Question

A galvanometer of resistance 50 Ω is connected to the battery of 3 V along with a resistance 2950 Ω in series. A full scale deflections of 30 divisions is obtained in galvanometer. In order to reduce this deflections to 20 division, the resistance in series should be

• A. 5050 Ω
• B. 6050 Ω
• C. 4450 Ω
• D. 5550 Ω

Answer 1

The Correct Option is C

Let's calculate the current for the full-scale deflection: 

\( I_1 = \frac{V}{R_{\text{gal}} + R_{\text{series}}} \)

\( I_1 = \frac{3V}{50\Omega + 2950\Omega} \)

\( I_1 = \frac{3V}{3000\Omega} \)

\( I_1 = 0.001 \, \text{A} \)

Now, let's calculate the current required for a 20-division deflection:

\( I_2 = \frac{2}{3} \cdot I_1 \)

\( I_2 = \frac{2}{3} \times 0.001 \, \text{A} \)

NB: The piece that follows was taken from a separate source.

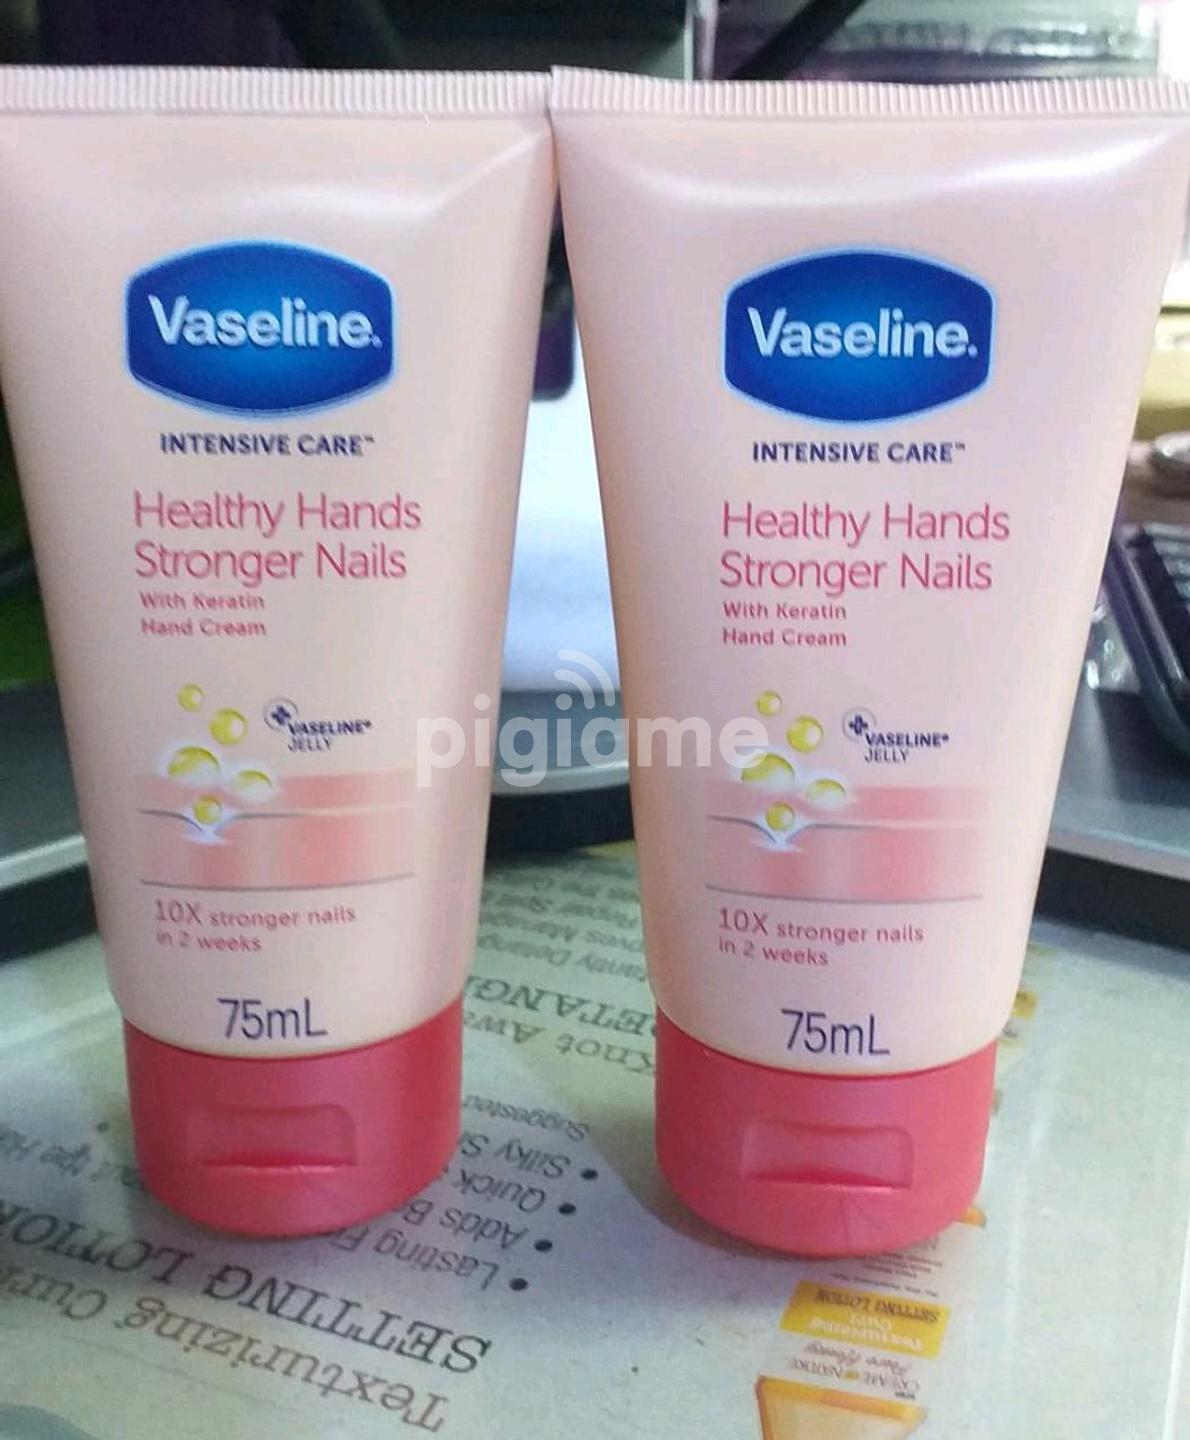 Vaseline Intensive Care Hand Lotion, Healthy Hands Stronger Nails

\( I_2 = 0.000667 \, \text{A} \)

To find the resistance needed, we can use Ohm's law:

\( V = I \cdot R \)

For the 20-division deflection:

\( 0.000667 \, \text{A} \times (50 \, \Omega + R) = 3 \, \text{V} \)

Solving this equation for \( R \), we get:

\( 0.000667 \, \text{A} \times R = 3 \, \text{V} - 0.000667 \, \text{A} \times 50 \, \Omega \)

\( R = \frac{3 \, \text{V} - 0.000667 \, \text{A} \times 50 \, \Omega}{0.000667 \, \text{A}} \)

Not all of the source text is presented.